Grab your immersion blender and begin blending the mixture, starting with short bursts so the still-very-liquid hair treatment doesn’t whirl up and spray everywhere. Blend for about a minute, leave to cool for ten, blend for another minute or two, and repeat this blend-cool-blend cycle until the outside of the glass measuring cup is barely warm to the touch and the hair treatment is thick and creamy.

When the hair treatment is cool it’s time to incorporate our cool down ingredients. Because cool down ingredients are typically present at very low amounts you’ll need to use an accurate scale—preferably one accurate to 0.01g. As these more accurate scales tend to have fairly low (100–200g) maximum weights you won’t be able to put the entire batch of hair treatment on that scale without blowing it out. So—grab a smaller dish. Add a scoop or two of hair treatment, and then weigh the cool down ingredients into that, using the more accurate scale. Stir to thoroughly incorporate, and then stir all of that back into the master batch of hair treatment. Doing it this way minimizes the amount of cool down ingredients lost to the secondary container.

Once the cool down phase has been incorporated, all that’s left to do is package it up! This is far too thick for any sort of pump-top bottle; I used a 100g clear plastic jar from YellowBee.
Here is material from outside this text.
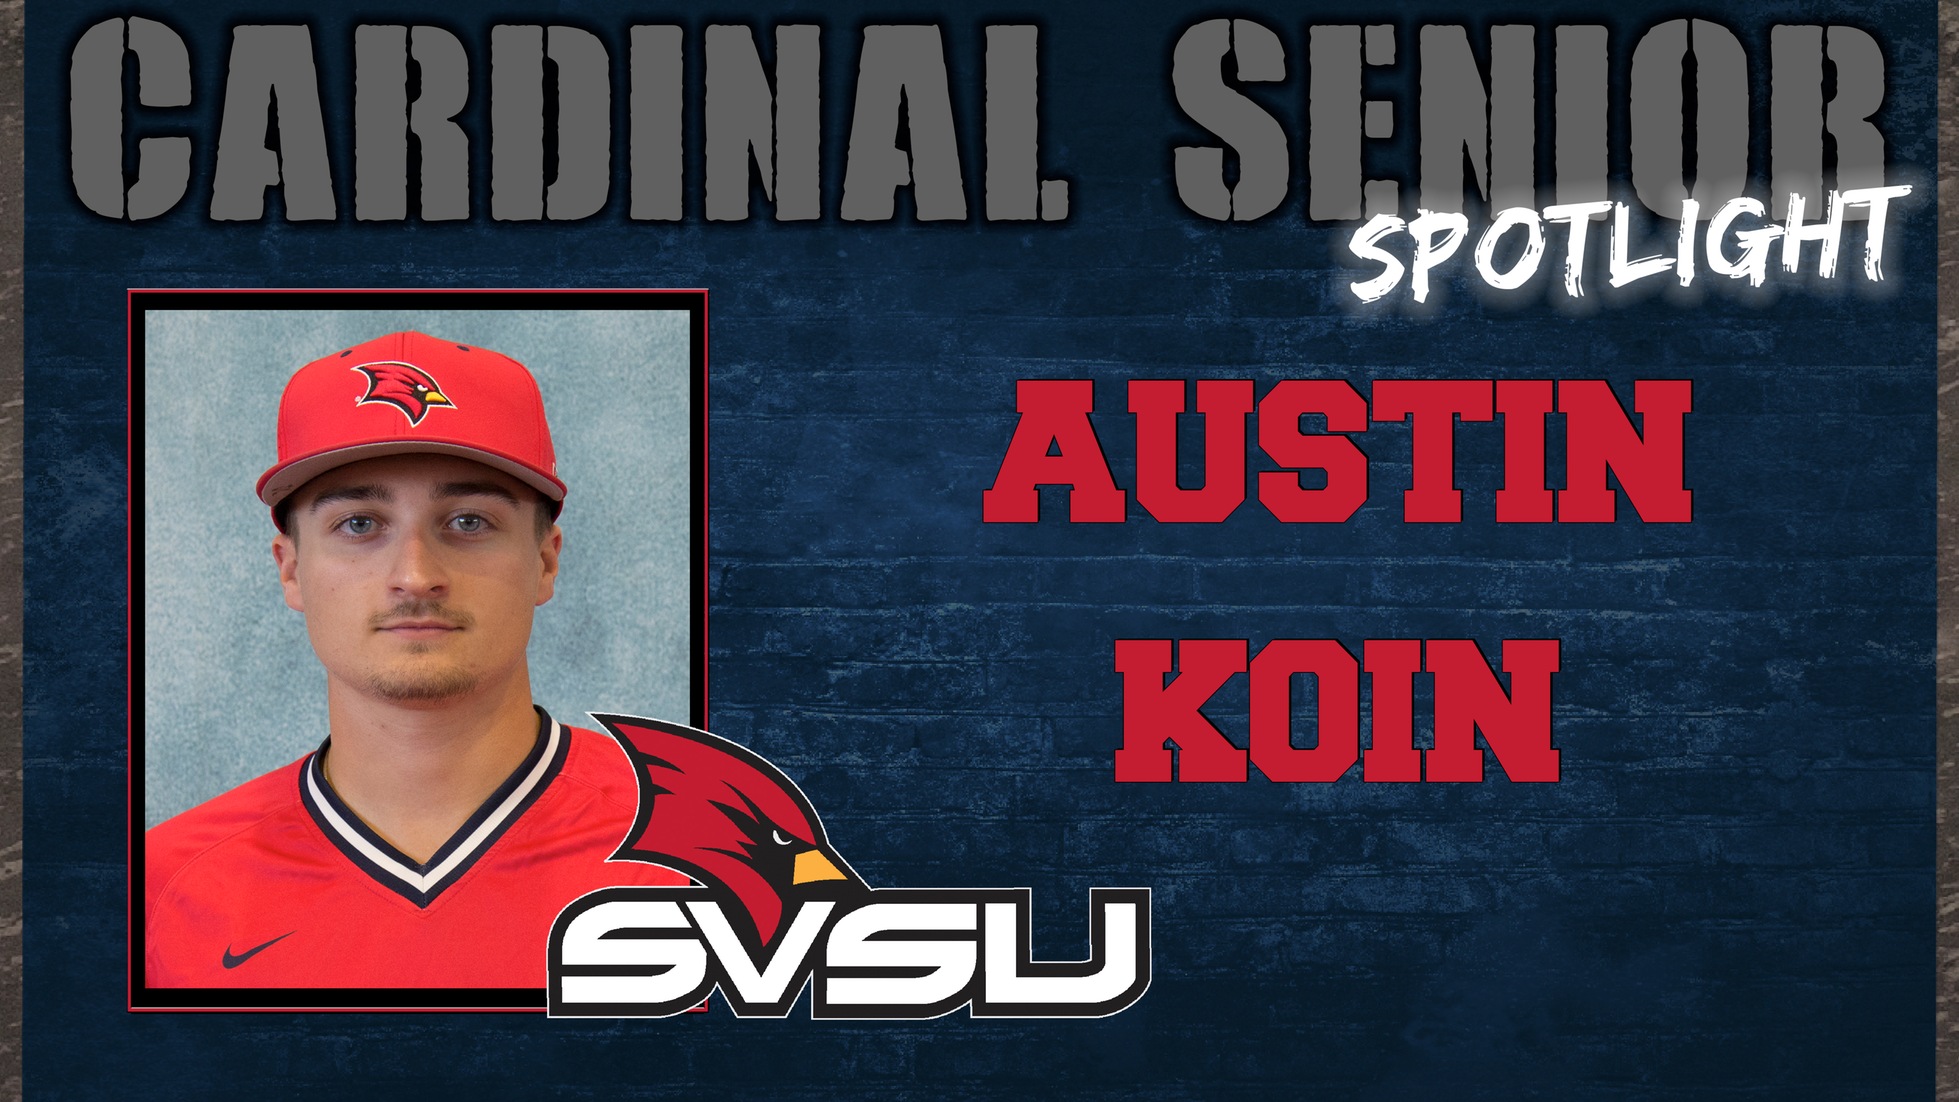 SVSU Cardinal Senior Spotlight - Austin Koin

There are lots of different ways to use this product, depending on your hair and your preferences. Please read the blog post to learn more!

Shelf Life & Storage

Because this product contains water, you must include a broad-spectrum preservative to ward off microbial growth. This is non-optional. Even with a preservative, this project may eventually spoil as our kitchens are not sterile laboratories, so in the event you notice any change in colour, scent, or texture, chuck it out and make a fresh batch.

Substitutions

As always, be aware that making substitutions will change the final product. While these swaps won’t break the recipe, you will get a different final product than I did.
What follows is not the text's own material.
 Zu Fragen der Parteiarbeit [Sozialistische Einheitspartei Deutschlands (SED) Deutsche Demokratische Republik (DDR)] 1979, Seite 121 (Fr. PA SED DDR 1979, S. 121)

  • As I’ve provided this recipe in percentages as well as grams you can easily calculate it to any size using a simple spreadsheet as I’ve explained in this post. As written in grams this recipe will make 100g.
  • To learn more about the ingredients used in this formulation, including why they’re included and what you can substitute them with, please visit the Humblebee & Me Encyclopedia. It doesn’t have everything in it yet, but there’s lots of good information there! If I have not given a specific substitution suggestion in this list please look up the ingredient in the encyclopedia before asking.
  • You could use propanediol 1,3 or sodium lactate instead of glycerin.
  • If you’d like to learn more about the surfactants used and compare them to ones you might already have so you can make substitutions, check out this page and read this FAQ. I would recommend sticking with something amphoteric if you don’t have Cocamidopropyl Betaine. You can also replace it with water if you are planning on always shampooing this hair mask out.
  • You could replace panthenol with more glycerin.
  • You could try different butters instead of the two I’ve used; shea, cocoa tucuma, etc. Make sure you check the scent beforehand to make sure it meshes well with the fragrance you’re using.
  • You could use Polyquaternium 7 (USA / Canada) insead of Polyquaternium-10, but I’d use 2%, decreasing the distilled water to make room for it.
  • You can substitute the acai berry oil with another lightweight oil like sweet almond, grapeseed, or sunflower seed.
  • Cetyl alcohol will work instead of cetearyl alcohol.
  • I don’t recommend substituting the BTMS-50.
  • You could try a different cationic or non-ionic gum/gelling ingredient instead of cationic guar gum. Make sure you are checking the charge as some gums (like xanthan) are anionic and anionic and cationic ingredient do not always play well together. Guar gum would probably be the easiest alternative.
  • If you’re like to use a different preservative, please review this FAQ and this chart.
  • If you’d like to incorporate an essential oil, please read this.
  • You can replace hydrolyzed baobab protein with a different hydrolyzed protein (oat, rice, quinoa).

Gifting Disclosure

The murumuru butter and acai berry oil were gifted by Mystic Moments. The plastic jar was gifted by YellowBee.